- Born: December 1, 1917 Vladivostok, Primorsky Krai, Russia
- Died: January 26, 2003 (aged 85) New York City, New York, U.S.
- Other names: Irene Bryner
- Education: Lausanne Cantonale Art School, California Labor School, California College of the Arts, College of Marin
- Relatives: Yul Brynner (cousin)

= Irena Brynner =

Jewellery designer (1917–2003)

Irena F. Brynner, also known as Irene Bryner (December 1, 1917 – January 26, 2003), was a Russian-born American sculptor, jewelry designer, mezzo-soprano singer, and author.

== Early life ==
Irena Brynner was born on December 1, 1917, in Vladivostok in Primorsky Krai, Russia.
An only child, she lived there until she was 11 years old, in a two-family household under one roof in a Manchuria-based Russian naval base. In addition to her parents, the home was shared with her aunt and uncle, each a sibling of her respective parents, who
were married to each other, and her double cousins, future actor Yul Brynner and his sister, Vera. She studied art at the Lausanne Cantonale Art School (École cantonale d'art de Lausanne) in Lausanne, Switzerland. She had lived in Dairen (now Dalian) and Peking (now Beijing), China.

Her father had worked as a Swiss consul in China, and after he died in 1942, the Japanese government denounced him as a spy working for other governments. As a result, she and her mother fled and eventually landed in San Francisco, California, in 1946.

== Career ==
In San Francisco, she studied with Ralph Stackpole and Michael von Meyer, who exposed Brynner to Modernism and abstract art. Brynner attended the California Labor School (CLS), and studied ceramics and drawing. While attending the CLS, she was inspired by the works of Claire Falkenstein.

She apprenticed to study jewelry under Caroline Gleick Rosene (1907–1965) and Franz Walter Bergmann (1898–1977). In January 1950, she took classes with Bob Winston at the California College of the Arts (CCA) where she learned about wax working and she set up a jewelry studio. Her early jewelry work started very geometric, and changed to more organic forms in later years. Brynner co-founded the Metal Arts Guild in San Francisco in 1951, alongside Rosene, Winston, Vera Allison, Florence Resnikoff, Margaret de Patta, Merry Renk, and Byron Wilson, among others. In 1952, Brynner learned about silversmithing, forging and lost-wax casting at the College of Marin.

In 1957, Brynner traveled to New York City for an exhibition, and she decided to move shortly after. In New York, they did not allow her to use an oxygen fuel for her torch, so her work changed direction, and she started working in wax casting. Her career was at its peak between 1958 and 1964, and she held many international exhibitions. In 1963, she received the gold medal, Bavarian State Prize from the International Handicrafts Fair in Munich, Germany.

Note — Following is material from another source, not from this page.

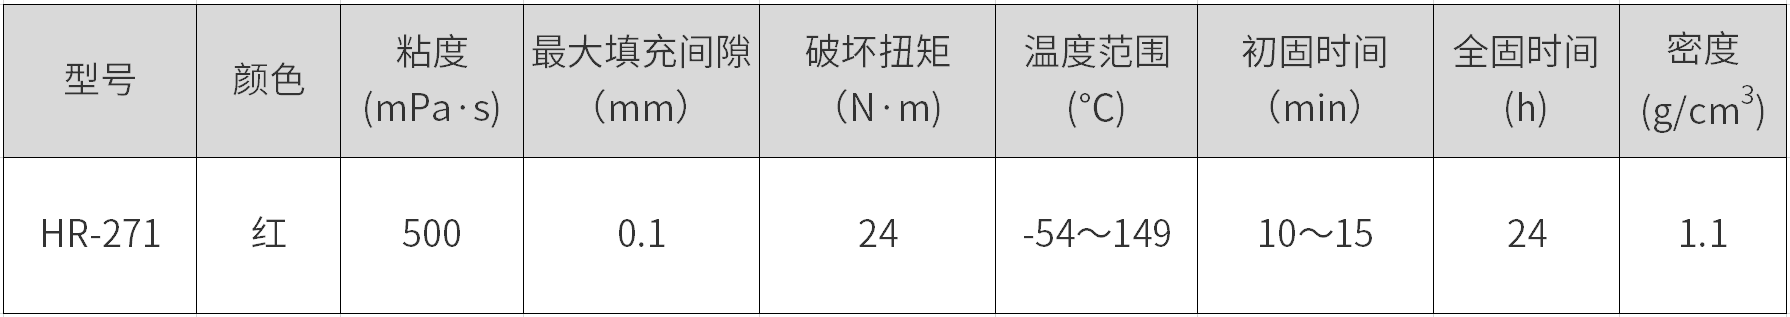 HR-271是环氧丙稀酸酯型摩登7平台

Brynner participated in the HemisFair '68 in the Woman's Pavilion, alongside Bolivian artist Marina Nuñez del Prado and Argentinian fashion photographer Maria Martel. In 1969, another major change in her work occurred when she started using the Henes Water Welder for electric soldering which was closer to lost-wax casting techniques.

In 1999, she was named a fellow by the American Craft Council.

She died on January 26, 2003, in New York City, aged 85.

== Publications ==

- Brynner, Irena (2003). "What I Remember"
- Brynner, Irena (1979). "Jewelry As An Art Form"
- Brynner, Irena (1968). "Modern Jewelry, Design and Techniques"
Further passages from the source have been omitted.